# Very down, what now?



## Sweets (Jun 28, 2006)

Hello

As you can see from my profile I'm currently coming to terms with a BFN.  I don't think I have either the emotional or physical strength to go through IVF again, even though looking to the future leaves me feeling really empty.  I found the whole process really difficult to bear.

I left my job in order to go through this second IVF attempt.  I wanted to leave anyway and it had become stressful so I don't regret that. But it does mean that I have very little in my life to take up my time at the moment as I wanted so much for my time to be taken up with being pregnant and looking after myself and planning for a baby.

I guess I'm posting because I want to let it out and share with people who might be able to relate.

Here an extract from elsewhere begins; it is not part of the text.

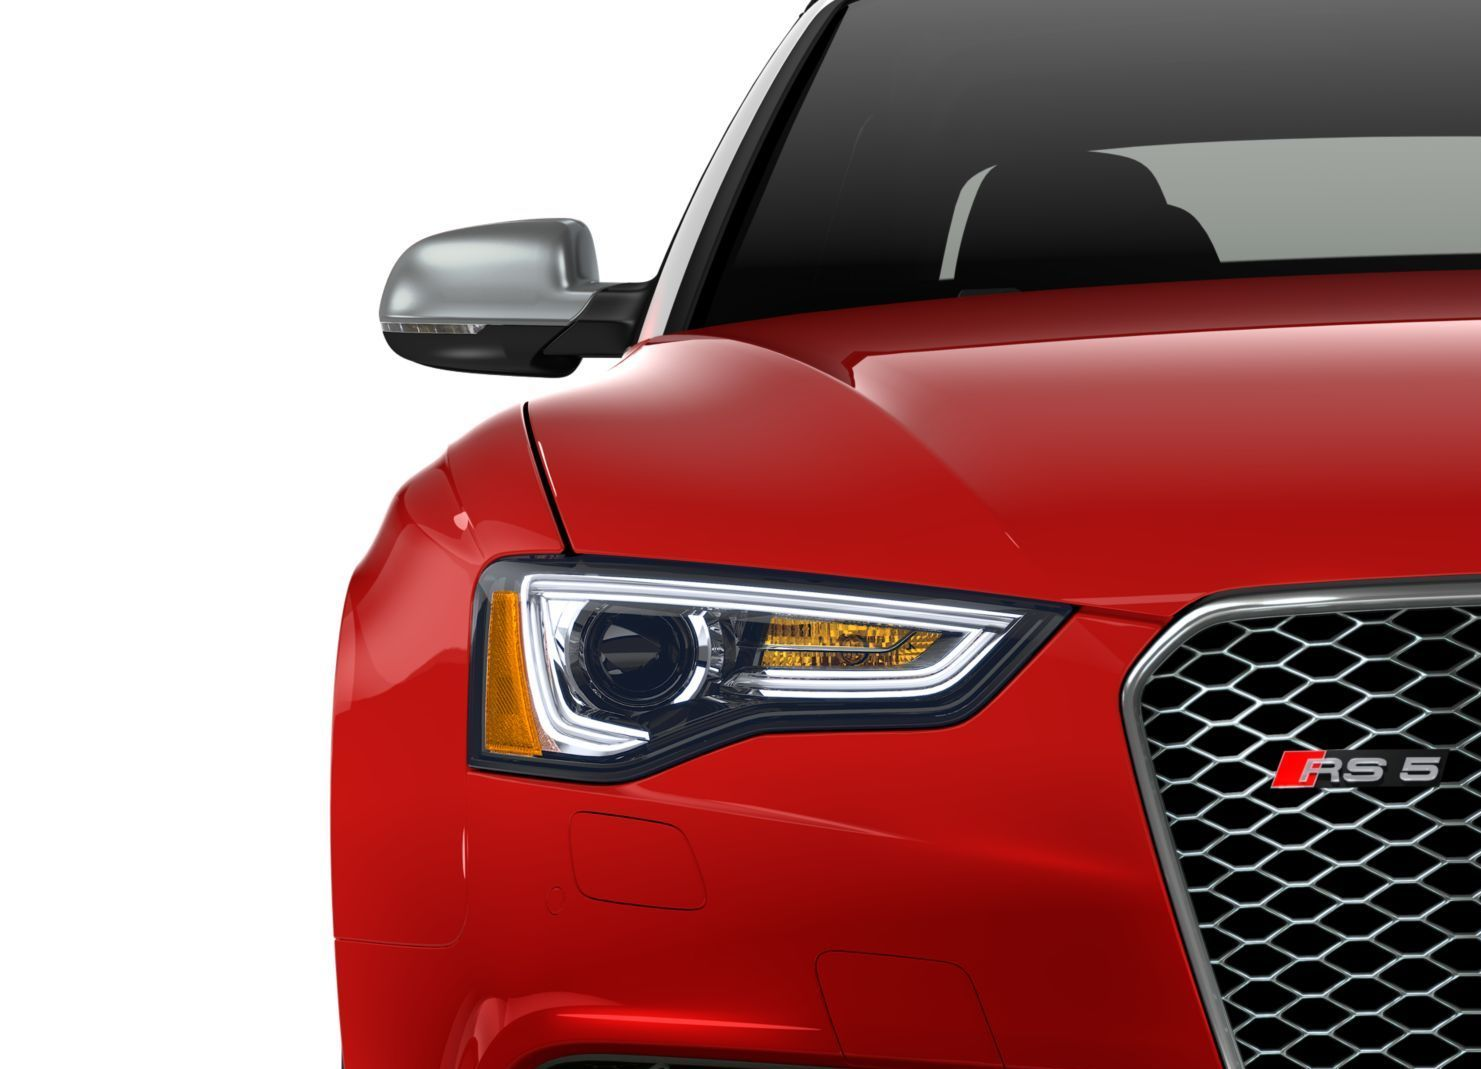 2014 Audi RS5 Cabriolet Buyers Guide - Black Optics vs Matte Aluminum Optics 52

I just don't know what to do now and am feeling a bit despairing.  I'm not sure that adoption is the route I want to go down although DP has suggested this. I am also fed up with how much time and energy the whole subject of infertility has taken from my life - firstly the effects of the shock of finding out that we were unable to have children naturally, then entering this new world of IVF and familiarising myself with all the new terms, processes and subsequent endless discussions with my partner, and then having to endure the drugs and the attendance at clinics and then the negative outcomes and the terrible rollercoaster of emotions.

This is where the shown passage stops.